Mississippi Clarion Ledger 2018 (Marshall Ramsey)
Marshall Ramsey was awakened by his wife late Friday night with the news: President George H.W. Bush had just died. Right away, Ramsey thought back to his idea.
When former first lady Barbara Bush died in April, Ramsey — the editorial cartoonist for the Mississippi Clarion Ledger — created a memorial illustration that went viral. Days later, when her husband of 73 years became ill, Ramsey began thinking about a companion cartoon to salute the former president.
“But he’s tough as nails and bounced back,” Ramsey tells The Washington Post’s Comic Riffs, “so I just filed the idea away.”
Until Friday night, when Ramsey learned the 41st president had died at age 94, according to Bush spokesman Jim McGrath.
“I drew it as quickly as I could and then posted” it on social media, Ramsey says of the tribute. “It seems like I’ve [drawn] so many obituary cartoons this year — 2018 has been cruel. But since the last one was so well-received by the Bush family and by parents who had lost children, I wanted to make sure this one was right.”
This one was indeed right, based on swift public embrace of the work, which readers called “beautiful” and “touching.” The tribute cartoon in April pictured Barbara Bush in heaven, being reunited with her daughter Pauline Robinson “Robin” Bush, who died of leukemia in 1953. The Bush parents had called Robin’s death, at age 3, their greatest sorrow.
In the new cartoon, George H.W. Bush, the former Navy pilot and World War II hero, has flown a TBM Avenger to the pearly gates to be reunited with wife and daughter.
“I consider this cartoon and the Barbara Bush cartoon to be bookends,” says Ramsey, who was humbled by the praise that the cartoon drew — especially that of Jenna Bush Hager, the Bushes' granddaughter.

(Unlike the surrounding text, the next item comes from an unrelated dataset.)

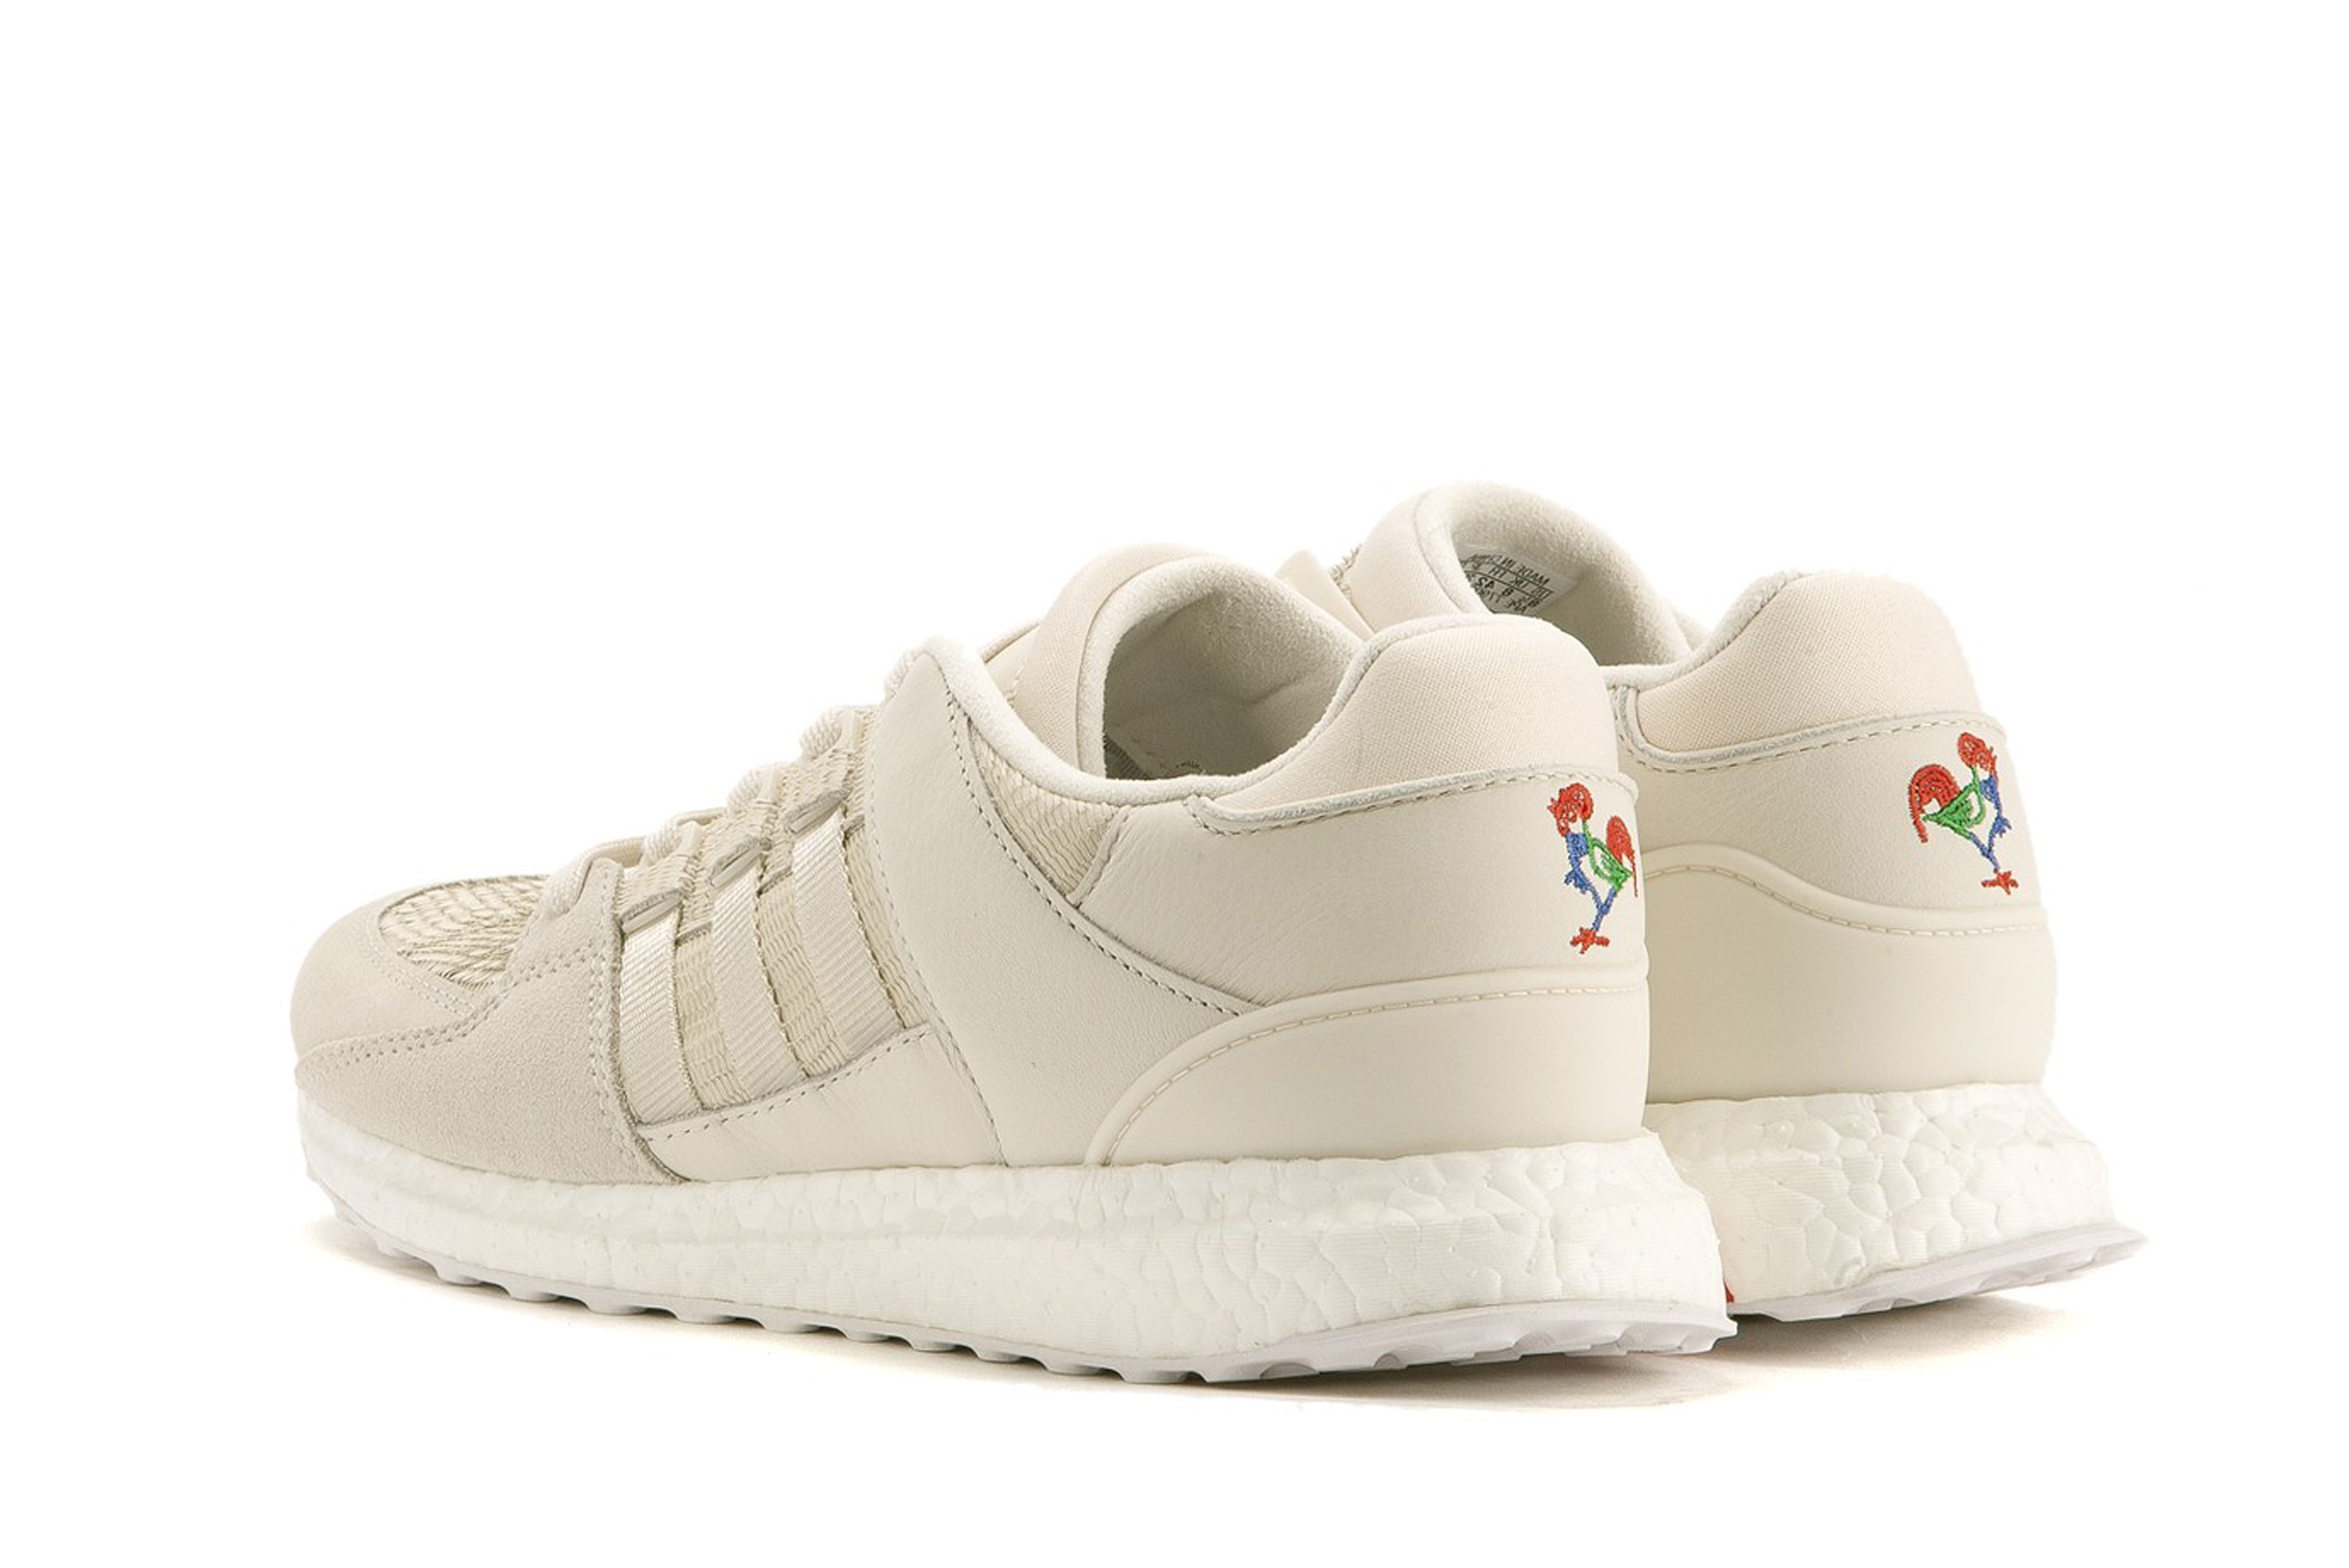 adidas originals EQT Support Ultra 'Chinese New Year' Sneakers White/Footwear

“This brought me such comfort this morning,” Hager wrote Saturday on Facebook, with a shared image of the cartoon. “I had the opportunity to talk with my grandpa about the afterlife.
“This is what he said: ​He answered without any hesitation. ‘Yes, I think about it. I used to be afraid. I used to be scared of dying. I used to worry about death. But now in some ways I look forward to it.’ And I started crying. I managed to choke out, ‘Well, why? What do you look forward to?’ And he said, ‘Well, when I die, I’m going to be reunited with these people that I’ve lost.’ ”
When Hager asked her grandfather whom he hoped to see when reunited, she wrote that he replied: “I hope I see Robin, and I hope I see” Barbara.
The former president added, she wrote, that he hoped that upon this reunion, Robin would still be age 3 — “the little girl he held tightly: who spoke the phrase I have heard Gampy repeat for my entire life, forever knitting Robin’s voice into the tightly woven fabric of our family. ‘I love you more than tongue can tell.’ ”
Hager’s Facebook update has been shared more than 40,000 times and has received more than 100,000 responses.
“To read what Jenna wrote — let’s just say I’m honored beyond words,” Ramsey told The Post. “Let’s put politics aside for a moment — the Bush family is remarkably kind and gracious.”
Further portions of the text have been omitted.